In OneDrive, tocca l’immagine dell’account e poi Impostazioni > Backup fotocamera. Controlla l’account usato per il backup, l’inclusione dei video, l’uso dei dati mobili e l’eventuale opzione che limita il caricamento ai momenti in cui il telefono è in carica.
OneDrive è particolarmente adatto se il tuo computer principale è un PC Windows. Le foto compaiono in OneDrive sul desktop, e ordinarle o archiviarle è più semplice che fare tutto sullo schermo del telefono.
Chi usa Samsung deve tenere conto di un cambiamento attuale: Microsoft ha comunicato che Samsung Gallery smetterà di sincronizzarsi direttamente con OneDrive dopo il 30 settembre 2026. Le foto già archiviate in OneDrive non verranno eliminate, ma per continuare il backup conviene usare la funzione Backup fotocamera dell’app OneDrive invece di affidarsi alla sincronizzazione di Gallery.

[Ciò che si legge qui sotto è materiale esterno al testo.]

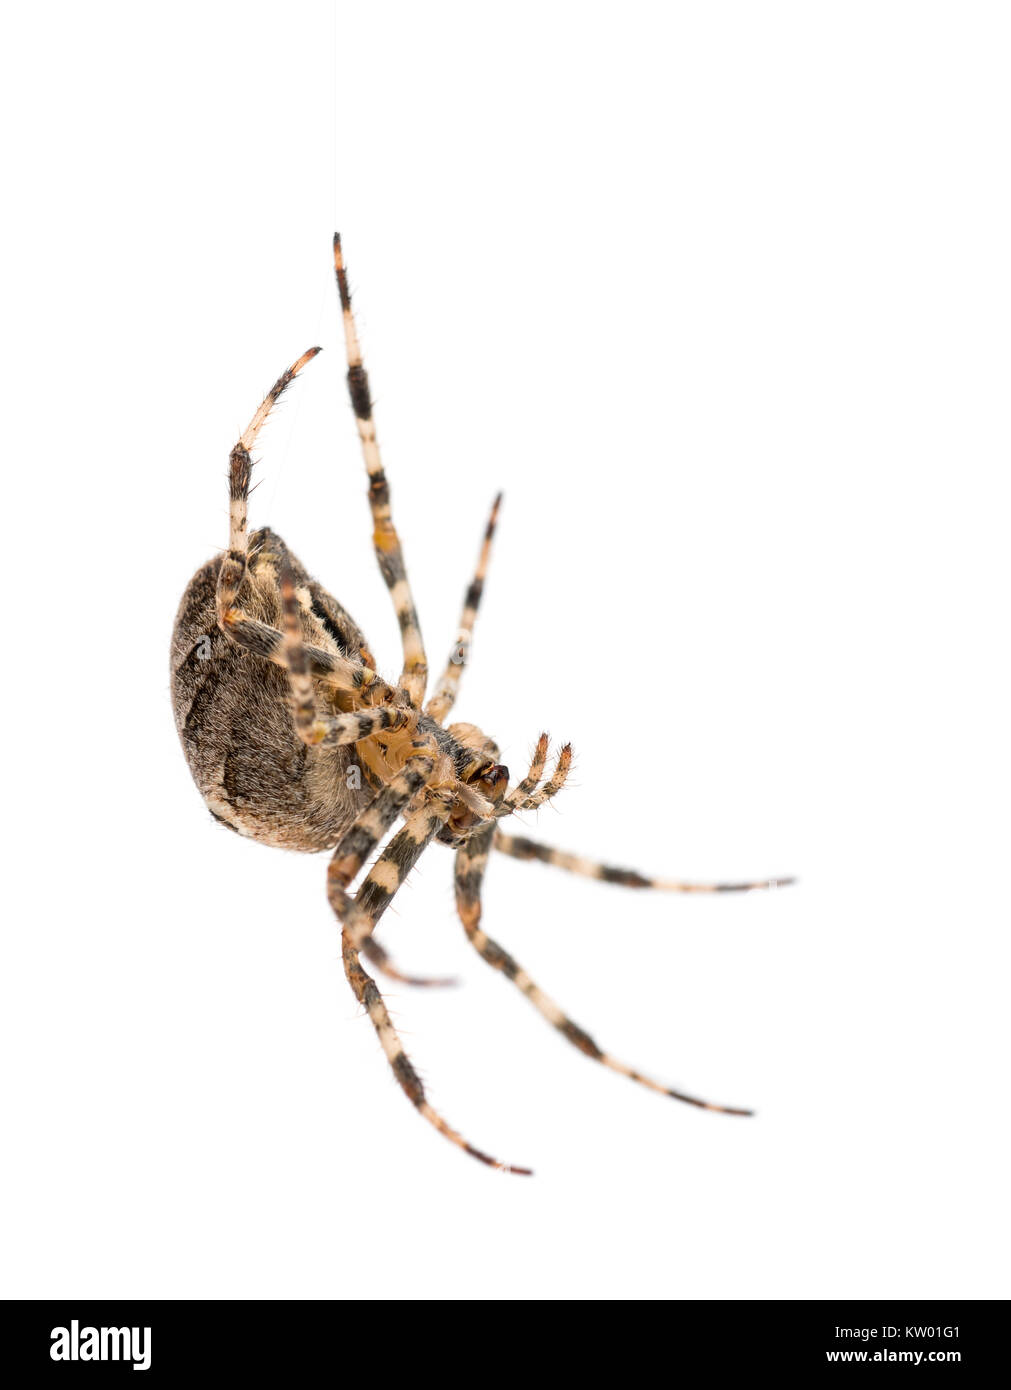 Giardino europeo, ragno Araneus diadematus, appeso alla stringa di seta contro uno sfondo bianco Foto Stock

Dropbox funziona, ma lo spazio gratuito è ridotto
Dropbox Basic parte da 2 GB. Può bastare per documenti e una piccola raccolta di foto, ma è pochissimo per i video del telefono.
I caricamenti da fotocamera sono disponibili nell’app Dropbox. Su Android, apri Dropbox e vai a Account > Impostazioni > Caricamenti da fotocamera, quindi attiva Esegui il backup delle foto. Puoi anche controllare l’uso dei dati mobili, cosa importante se il primo caricamento comprende anni di immagini.
Dropbox ha più senso se hai già un piano a pagamento, condividi cartelle con altre persone o lo usi molto sul computer. Se parti da zero e vuoi soltanto salvare le foto del telefono, Google Foto o OneDrive sono in genere soluzioni più adatte.
Prima di eliminare le copie locali, controlla tre cose
Per prima cosa, verifica che il backup sia terminato. Apri l’app cloud e cerca gli elementi più recenti della fotocamera. Non fidarti di un vago indicatore di sincronizzazione mentre la connessione è debole.
Poi controlla la qualità. Se hai registrato un video 4K e lo hai salvato con Risparmio spazio di archiviazione, la copia nel cloud può essere a 1080p. Può andare benissimo per un video di famiglia. Non va bene se sul telefono si trova l’unica copia a piena qualità di un progetto importante.
Infine, assicurati di poter ancora accedere all’account. Il cloud è utile solo finché riesci a entrarci. Usa una password sicura, mantieni aggiornate le informazioni di recupero e attiva l’autenticazione a due fattori.
Per qualsiasi contenuto insostituibile, conserva una seconda copia. Vanno bene un portatile, un SSD esterno, un NAS o un altro servizio cloud. Il cloud è comodo, ma un solo account non dovrebbe essere l’unica casa delle foto più importanti della tua vita.
Quanto spazio ti serve?
Dipende da quanti video registri. Chi scatta soprattutto foto può usare 100 GB per molto tempo. Chi registra ogni settimana sport dei figli, concerti, viaggi o video 4K può esaurirli rapidamente.
Invece di indovinare, controlla la dimensione attuale della cartella della fotocamera in Files o in Impostazioni > Spazio di archiviazione. Poi verifica quanto è cresciuta nell’ultimo mese. Quel dato è più utile di qualsiasi stima generica.